Anne Holt: Fear Not (2011)

Oslo fjord

This novel is the fourth in the Norwegian series with Johanne Vik and Adam Stubø as the husband and wife team, with Adam being the ‘gentle giant’ detective and Johanne, his wife who is an ex profiler with a nose for investigative leads.

Very soon in the novel, we are introduced to several different story threads:

Johanne´s vulnerable daughter, Kristiane, gets lost when the family participates in a wedding in Oslo, and if a mysterious stranger had not saved her, she might have been killed in front of the tram.

Bishop Eva Karin Lysgaard is found murdered on Christmas Eve in Bergen. She is a popular person, well known for her struggle to keep the church united despite the question of marriage of homosexuals.
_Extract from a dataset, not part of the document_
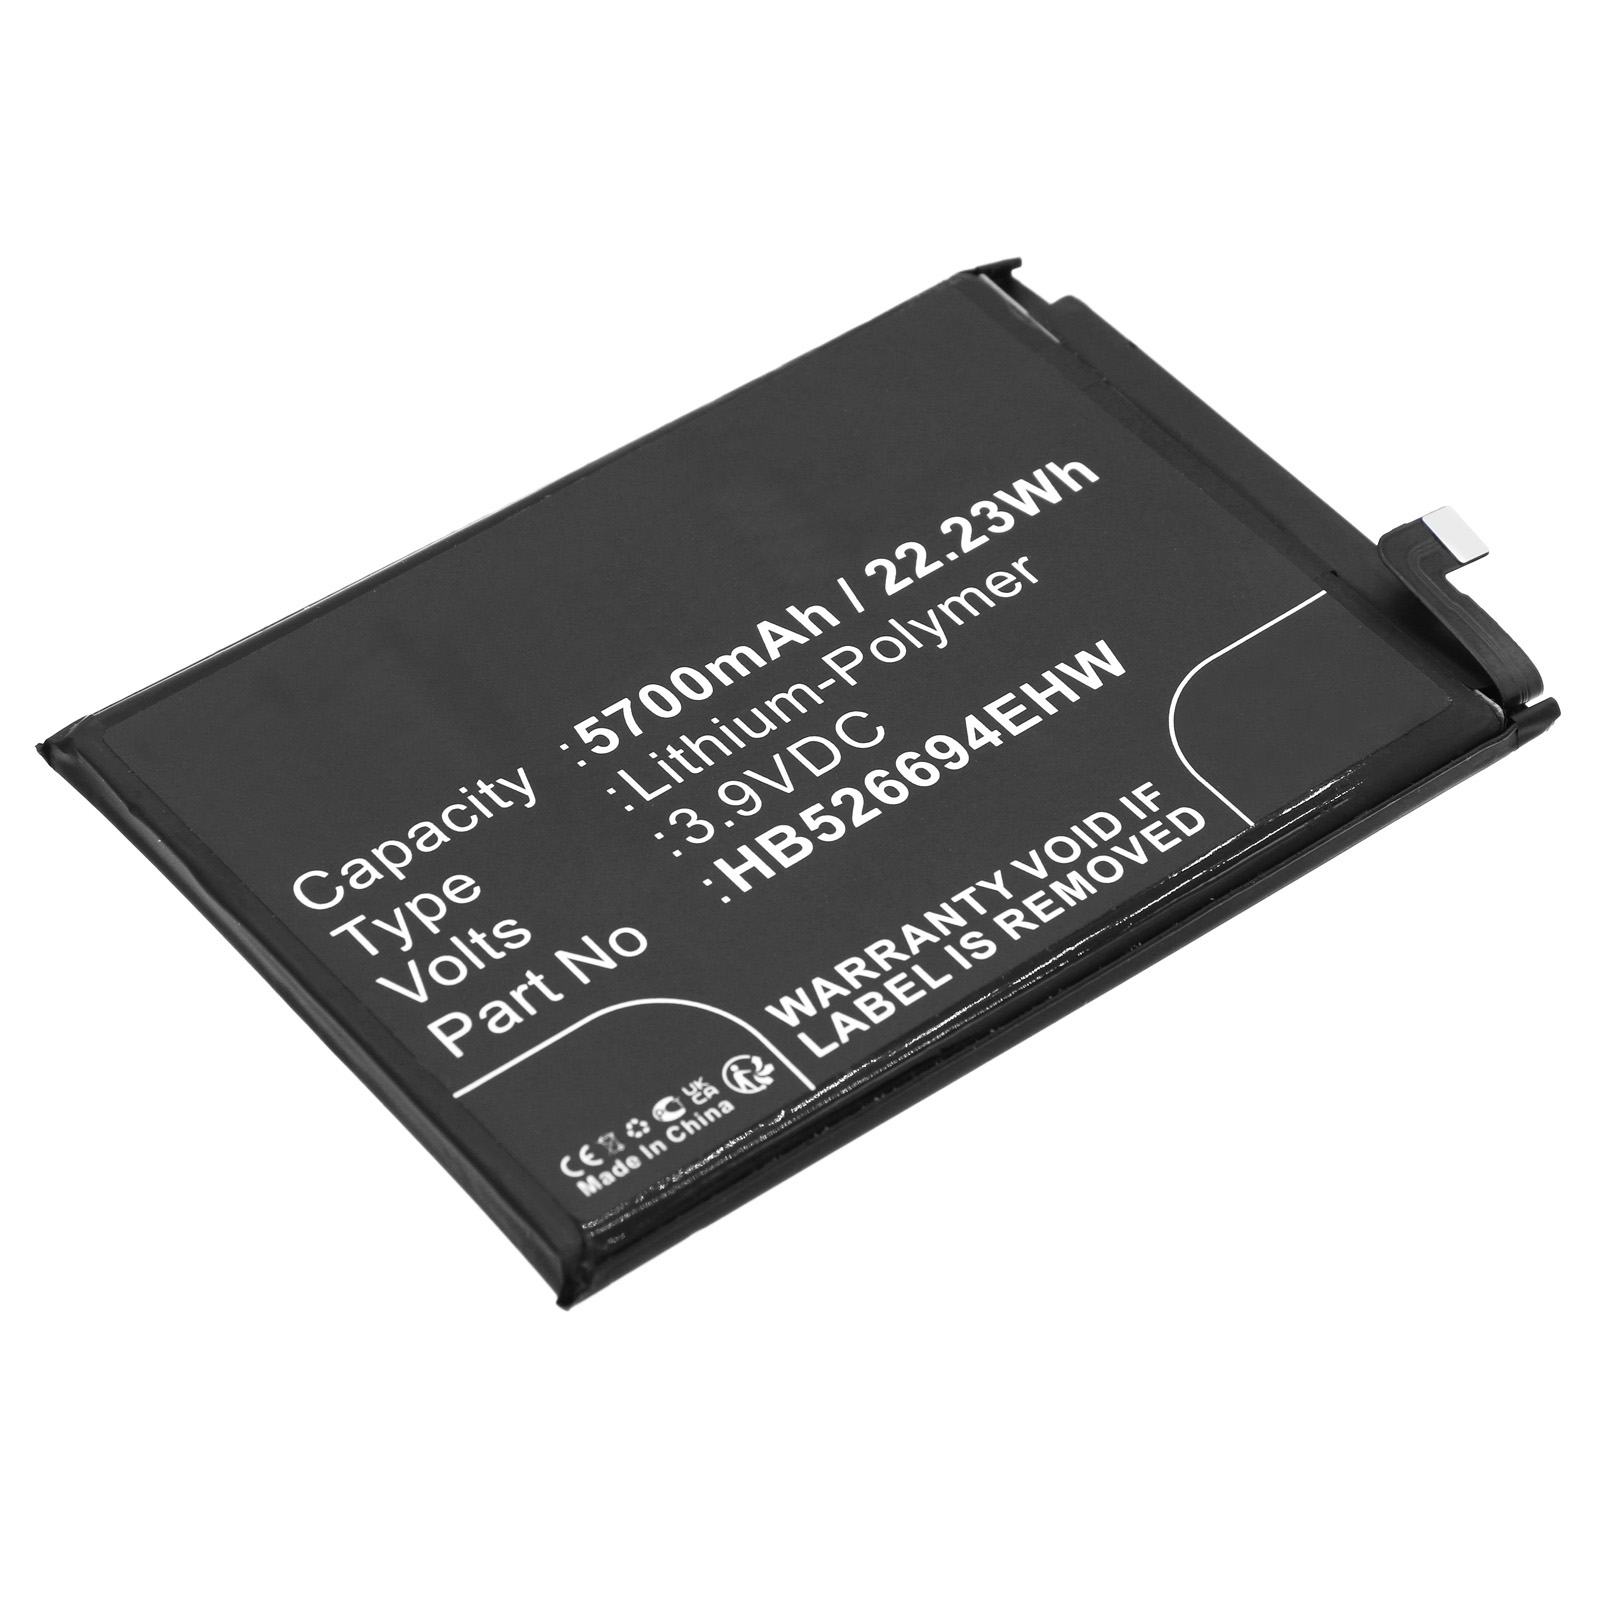 Synergy Digital Cell Phone Battery, Compatible with Honor HB526694EHW Cell Phone Battery (Li-Pol, 3.9V, 5700mAh)

The body of a seventeen-year-old asylum seeker is found in the harbour of Oslo. The young man was a prostitute, and soon after a homosexual woman disappears from a happy relationship.

Marcus Koll, affluent businessman, lives together with his partner Rolf and his son, Little Marcus. Beautiful and safe on the facade, but apparently Marcus fears he will be the next victim.
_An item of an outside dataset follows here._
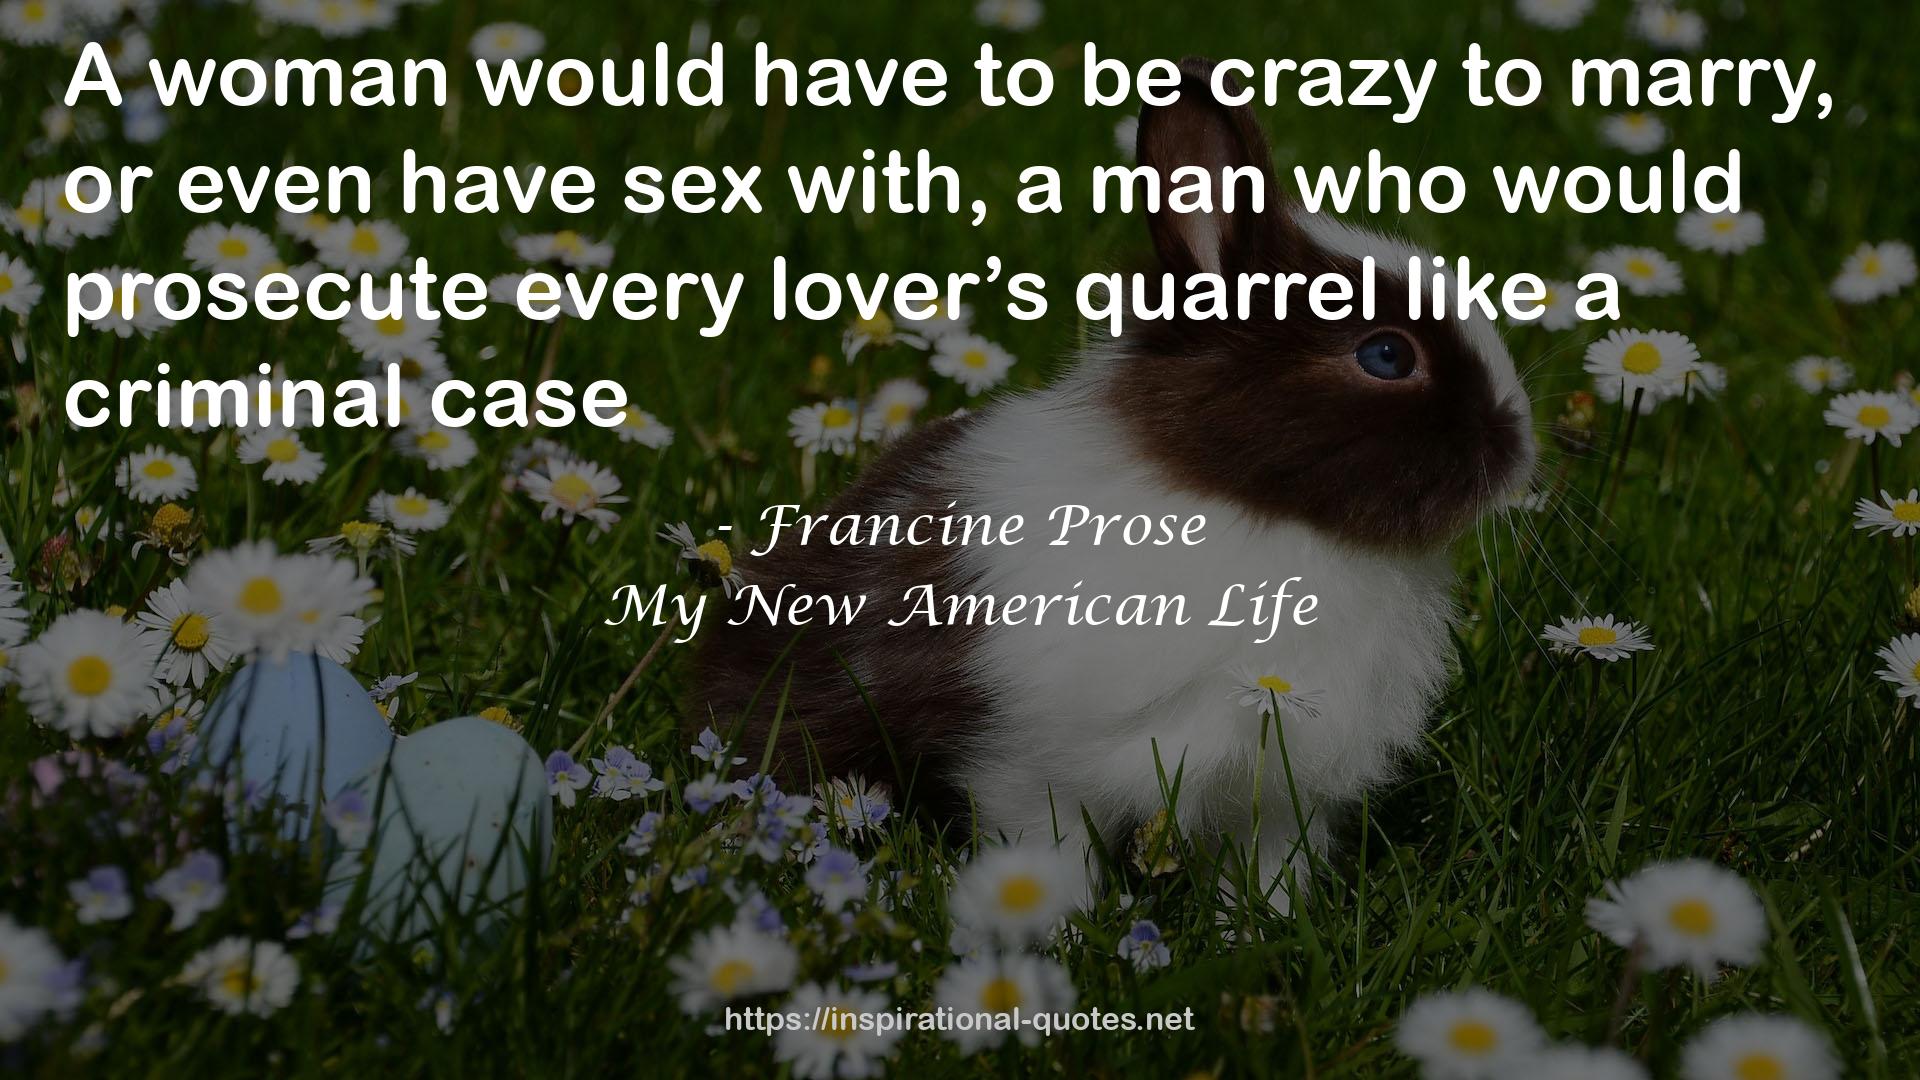 My New American Life QUOTES

What do the crimes have in common? Are old family secrets behind all these crimes, or is the common denominator homosexuality? Johanne Vik is engaged in researching hate crime, and via her research she can point out the connection among the seemingly isolated events to the police.

There are many things to like in this series, but it seems to me that Holt has this tendency to involve Johanne and her children every time. Exciting for the characters, and fundamental to the storyline perhaps, but not very credible. But then it is fiction, isn’t it? So why quibble?
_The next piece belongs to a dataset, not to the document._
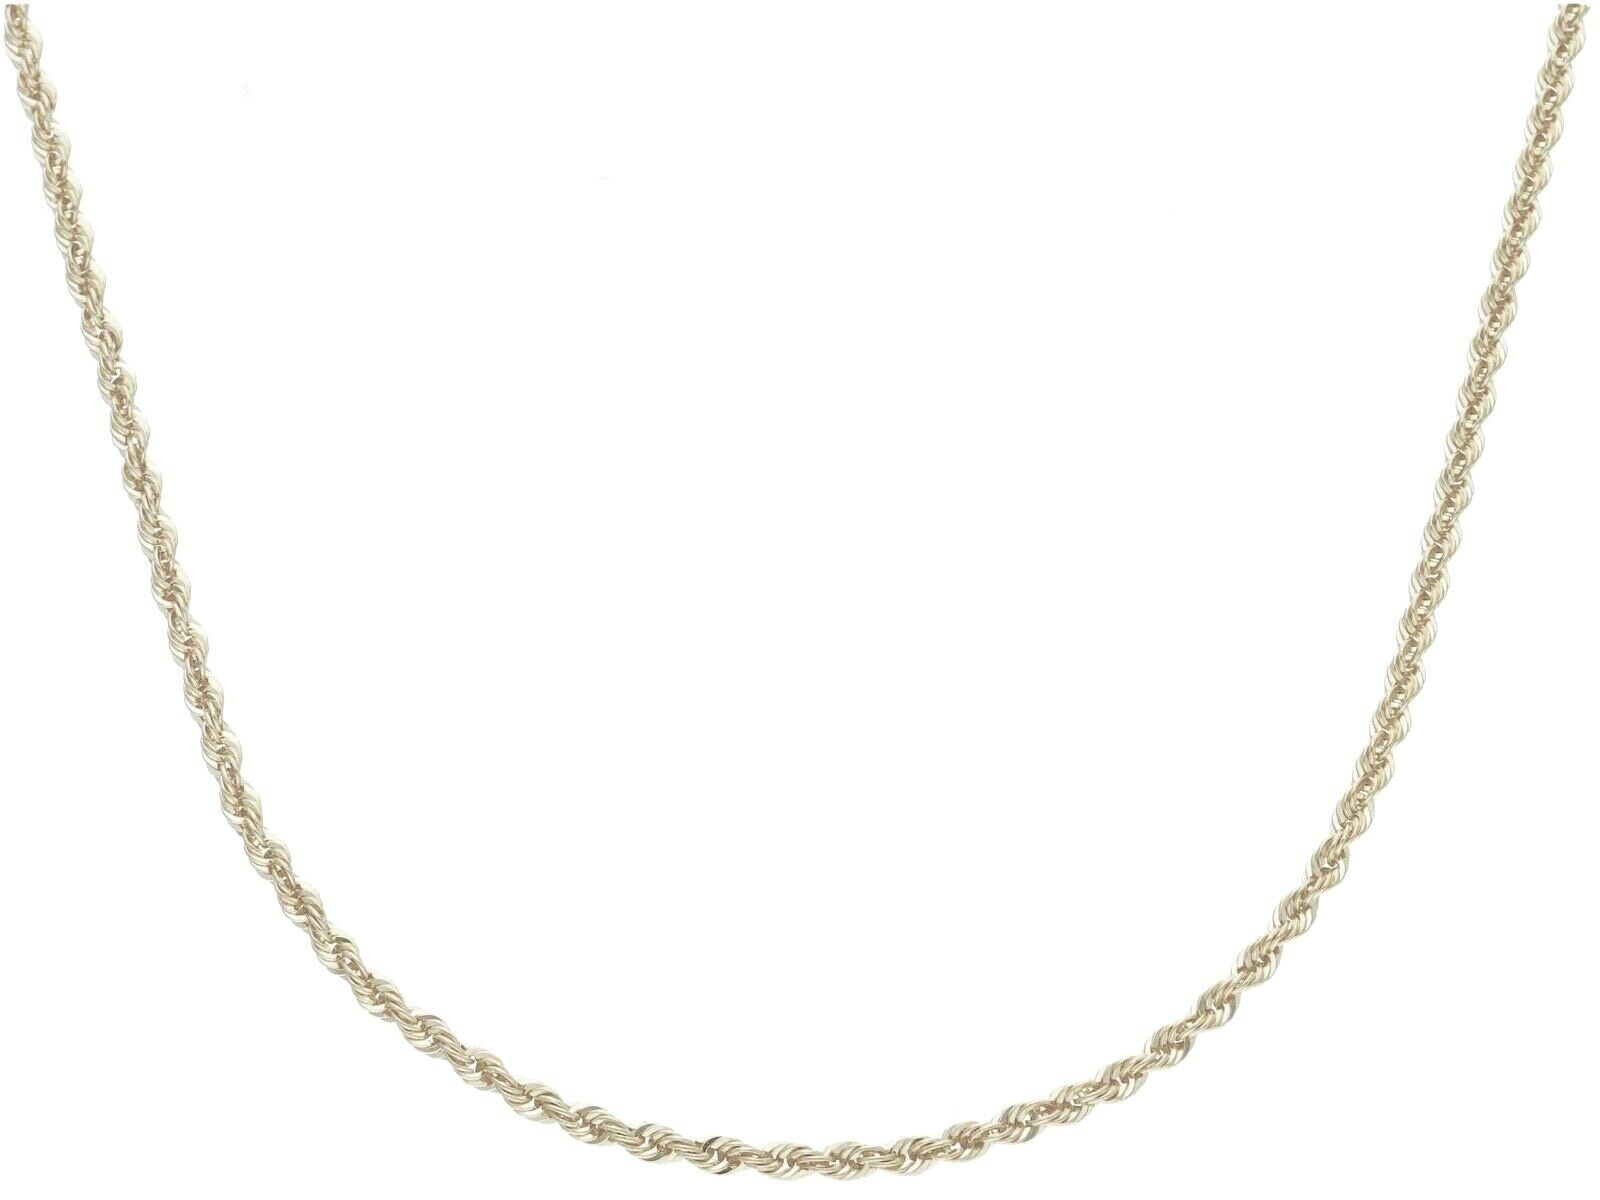 SOLID 18K WHITE GOLD CHAIN NECKLACE 1.5mm ROPE BRAIDED 40cm 16

I guess that whilst I enjoyed this Anne Holt story, it does lack a little of the intensity I feel when I read the Hanne Wilhemson’s series. Perhaps I feel more for the character of Hanne, for her keen detective sense and her stoic, rigid and sometimes arrogant manner, than I do for Johanne Vik and Adam Stubo who seem to be awfully familiar to another couple in a similar detective series written by a Swedish crime writer.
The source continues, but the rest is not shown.